# freezes during boot when switching EFI VGA to radeondrmfb

## Lovot

My laptop can only boot using UEFI, the Gentoo install in question is a fresh install-my first one that actually boots. It uses an A10 for both it's CPU and GPU. The issue is when it tries to switch from EFI VGA to radeondrmfb the monitor freezes, I have no way to check if the rest of the system boots currently, maybe I can try SSH after making sure it's set up. When the install boots on my desktop, which also uses pure AMD hardware, but not UEFI the install boots without issue.
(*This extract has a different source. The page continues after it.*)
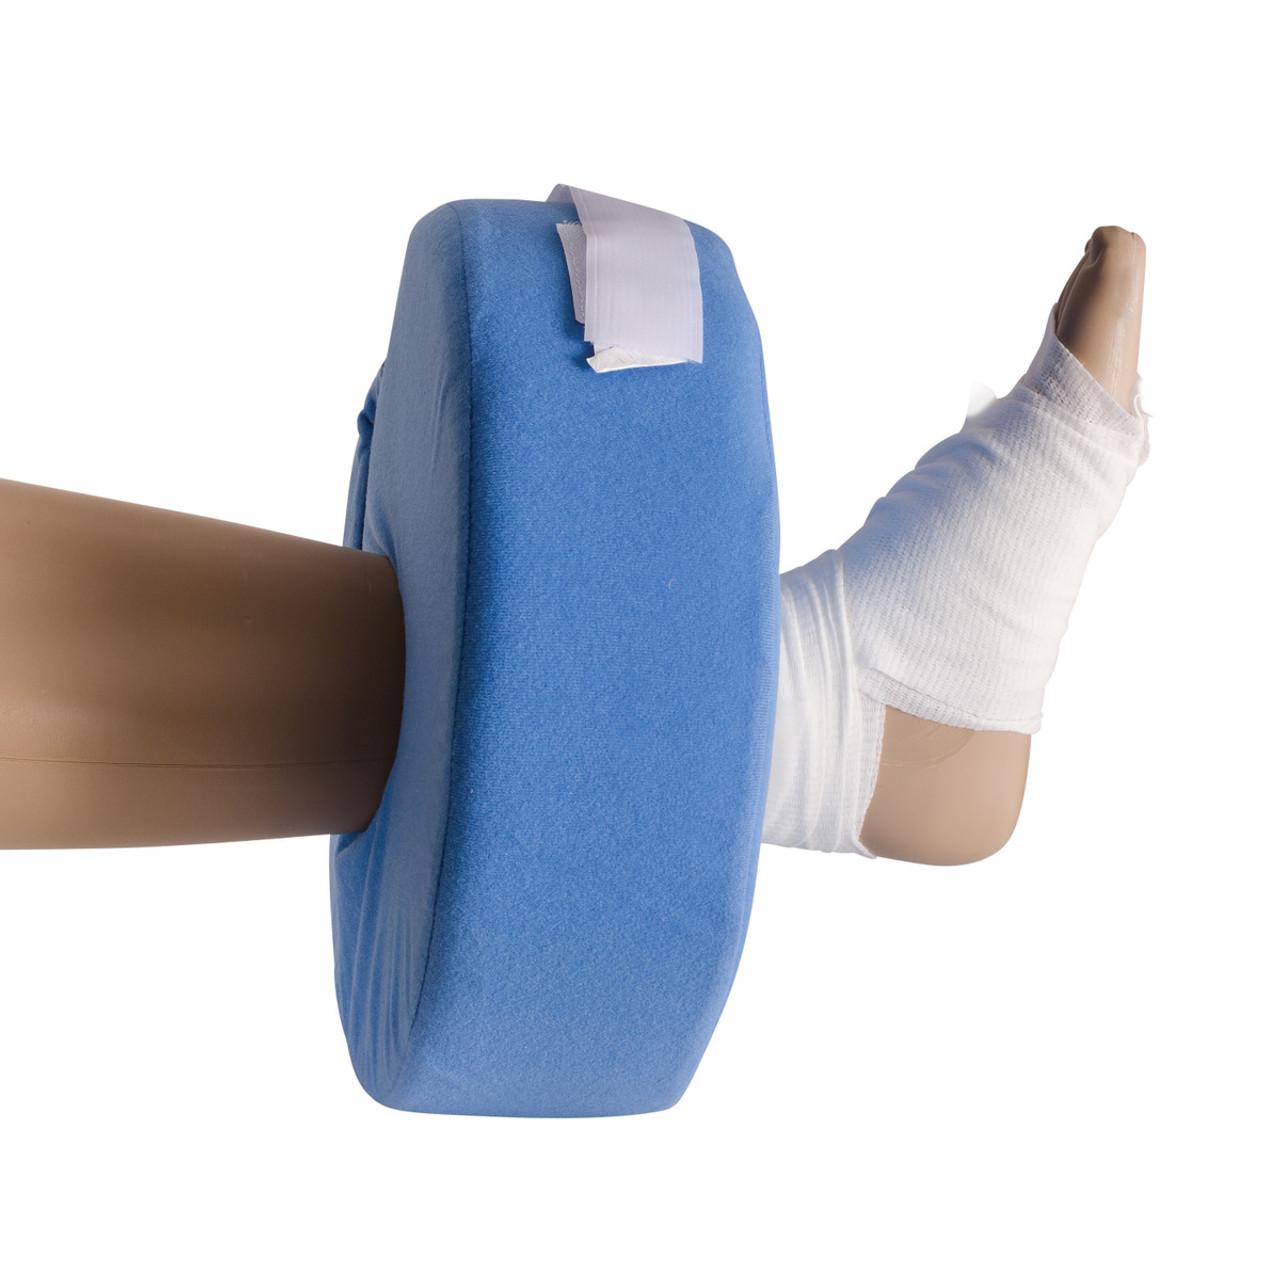 DMI® Contour Foot Elevator Foam Leg Rest Cushion Pillow, by Healthsmart

How would I fix the freezing problem?

----------

## s4e8

build radeon as module and blacklist it, then boot to EFI fb console mode, and modprobe radeon.

most common problem is you don't pack firmware into kernel or initrd.

----------

## kris27

Very well

This problem problem is persistent on Live DVD (2016) so one can not boot it at all

sits there just switchinf to radeondrmfb from EFI VGA for ever.

Have running Gento since the birth of it ...  last 4 years on AMD FX7850 and in Dec. 2015 run update @world and never managed to get Xorg/X11 runing again.

From frustration installed CENTOS, XUBUNTU, Fedora and Scintific Linux ....  all of them did run.

SO decided for Gentoo systemd ... stil can not get it going with X11  video card is radeon 7850 (Pitcarin) it wored for last 3-4 years on Gentoo ... i.e.  until year 2016.

Any ideas ?????

----------

## mrturcot

I have the same issue, stuck on boot switching to radeondrmfb from EFI VGA.

This is after a DVD Live install booting into my working environment. I booted back into chroot and added nomodeset as a kernel parameter and ran grub-mkconfig again and still same issue. Stuck wont boot.

Please help!

----------

## NeddySeagoon

Team.

There have been changes to the way radeondrmfb is provided.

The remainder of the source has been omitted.